On a recent project I needed to take a random sample of items from a large data source that was too big to contain in memory. As the whole set of data couldn't be kept in memory, usual sampling techniques wouldn't work.

The solution to this problem is called Reservoir Sampling and allows us to choose k samples from a list of N items in O(N) time.

To begin with we fill an array (the reservoir) with k items from our data source (items[0..k-1]). Then we iterate from the (k+1)th element to the nth element generating a random number r between 0 and the current item index. If r is in the reservoir range [0..k-1] then we replace the rth item of the reservoir with items[index].

Below is an example of reservoir sampling written in PHP, not really the correct usage as our data source is already in memory, but it's an implementation of the algorithm nevertheless.
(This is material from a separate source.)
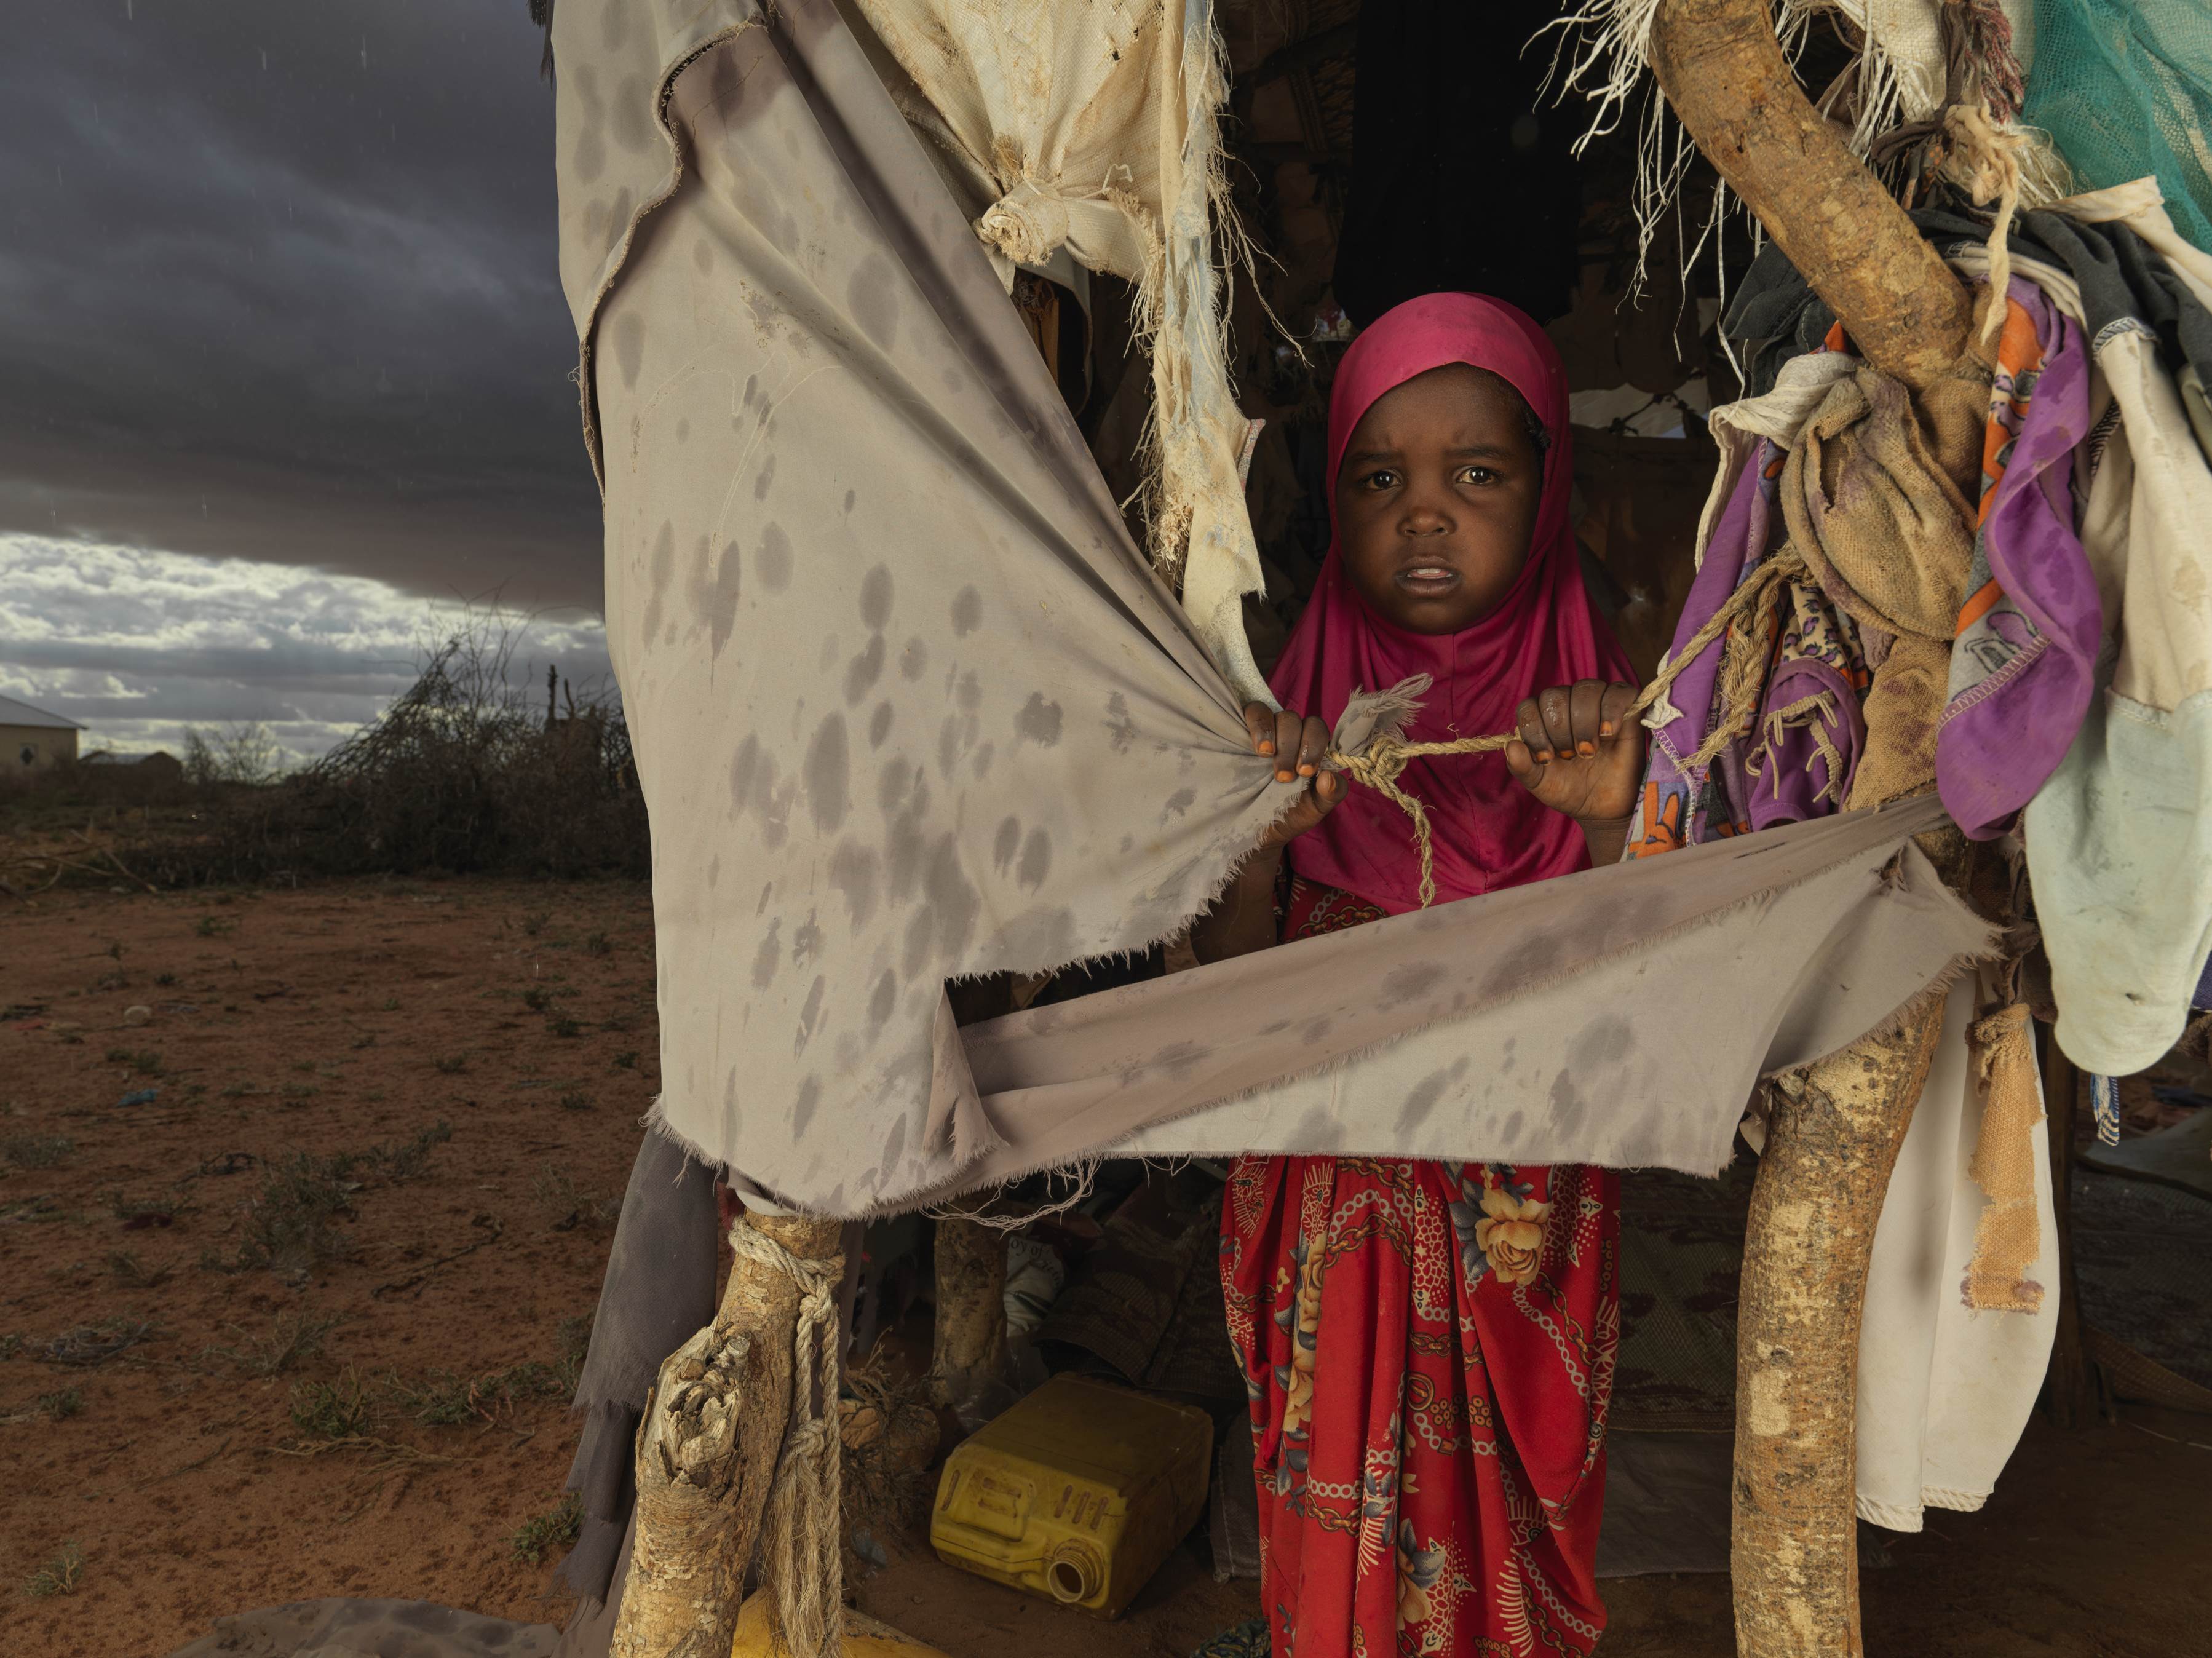 Niña de Somalilandia mirando desde el refugio improvisado donde vive
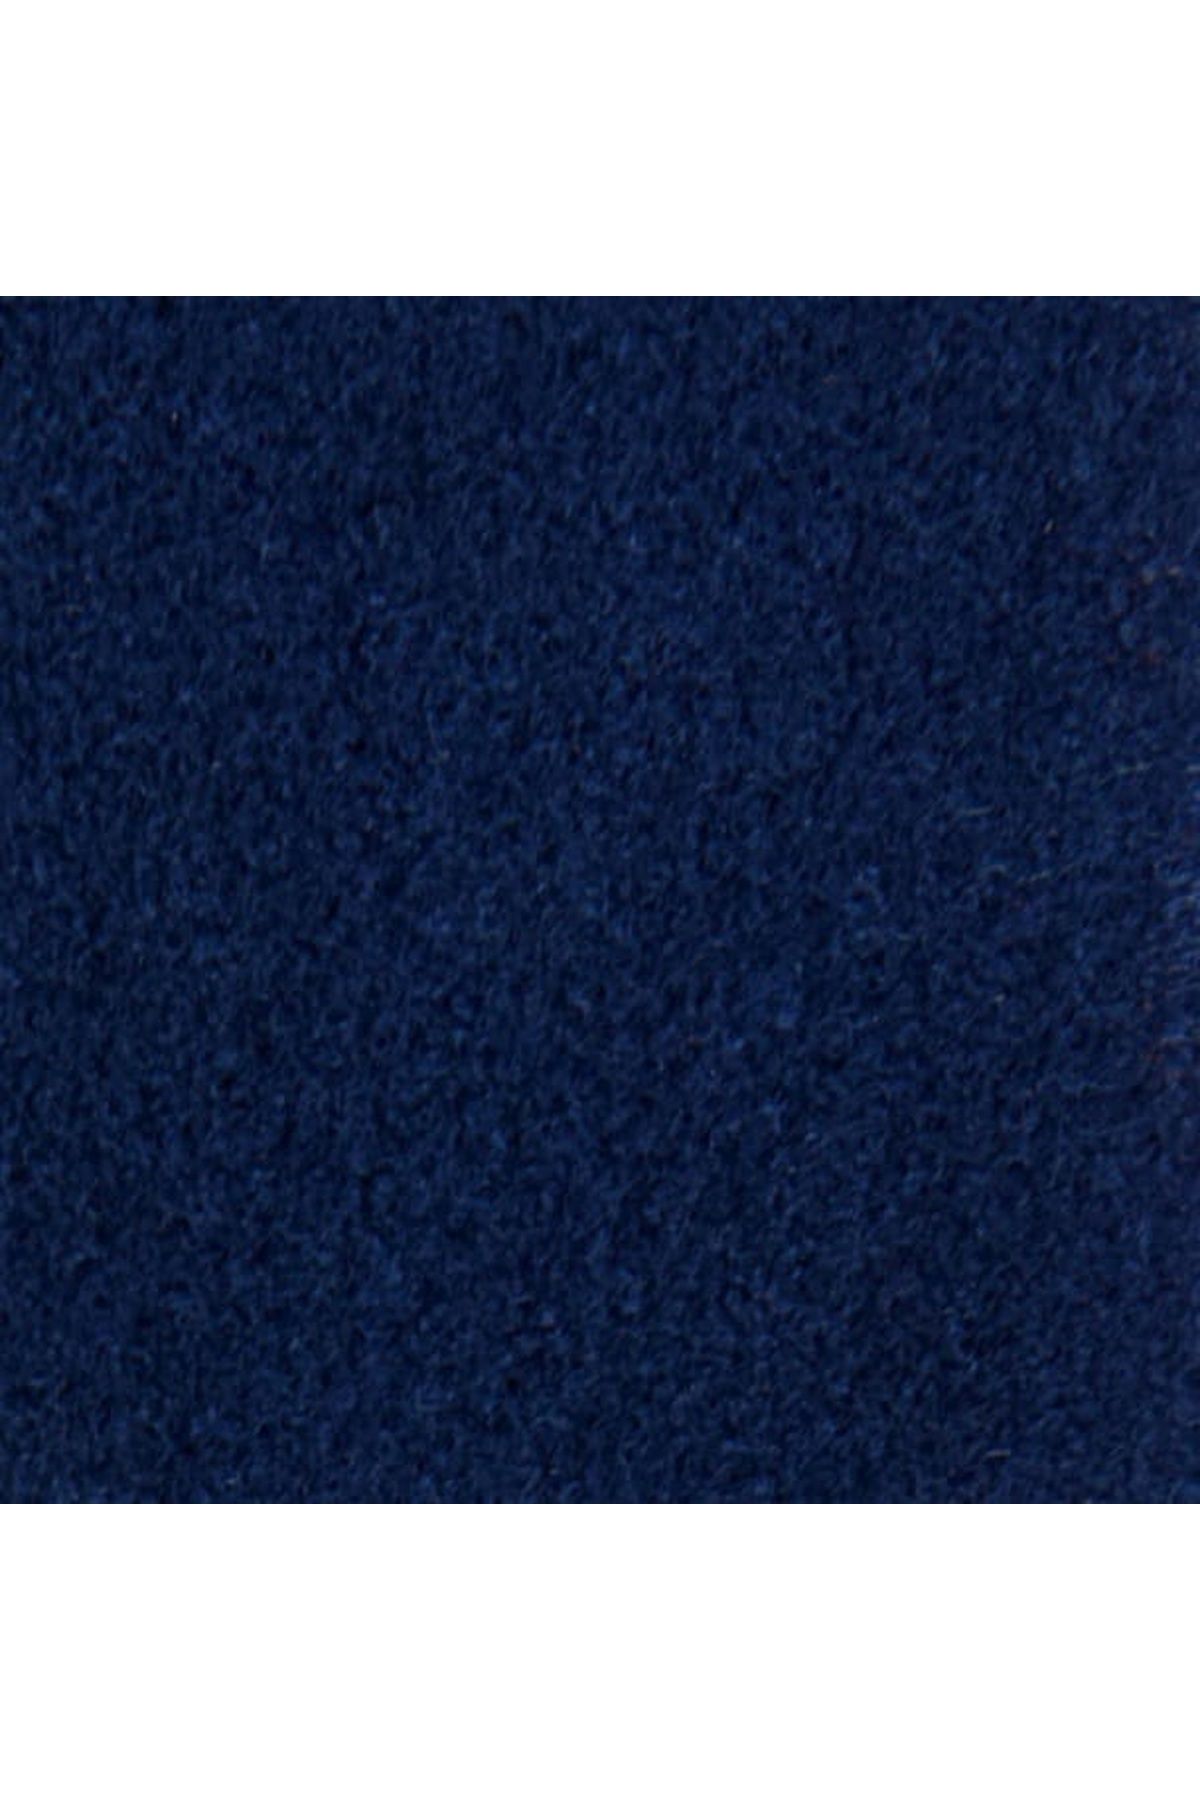 LinaByUgurr Lacivert Universal Kaliteli Tüylenmez Kalın Polar Kumaş En 180cm (1 ADET=1 METRE)

Reservoir Sampling example in PHP

<?php

$dataSize = 1000;
$data = [];

// Populate data with $dataSize random integers

for($i = 0; $i < $dataSize; $i++) {
    $data[] = $i;
}

// Take sample of size $k from $data
// Samples stored in $result

$k = 10;
$result = [];

// Create reservoir

for($i = 0; $i < $k; $i++) 
  $result[$i] = $data[$i];

// Iterate from the (k+1)th to the nth element and 
// replace elements in reservoir with a decreasing probability

for(; $i < $dataSize; $i++) {

  $r = (int) rand(0, $i);
  if($r < $k) {
    $result[$r] = $data[$i];
  }
}

echo implode(' - ',$result)."\n";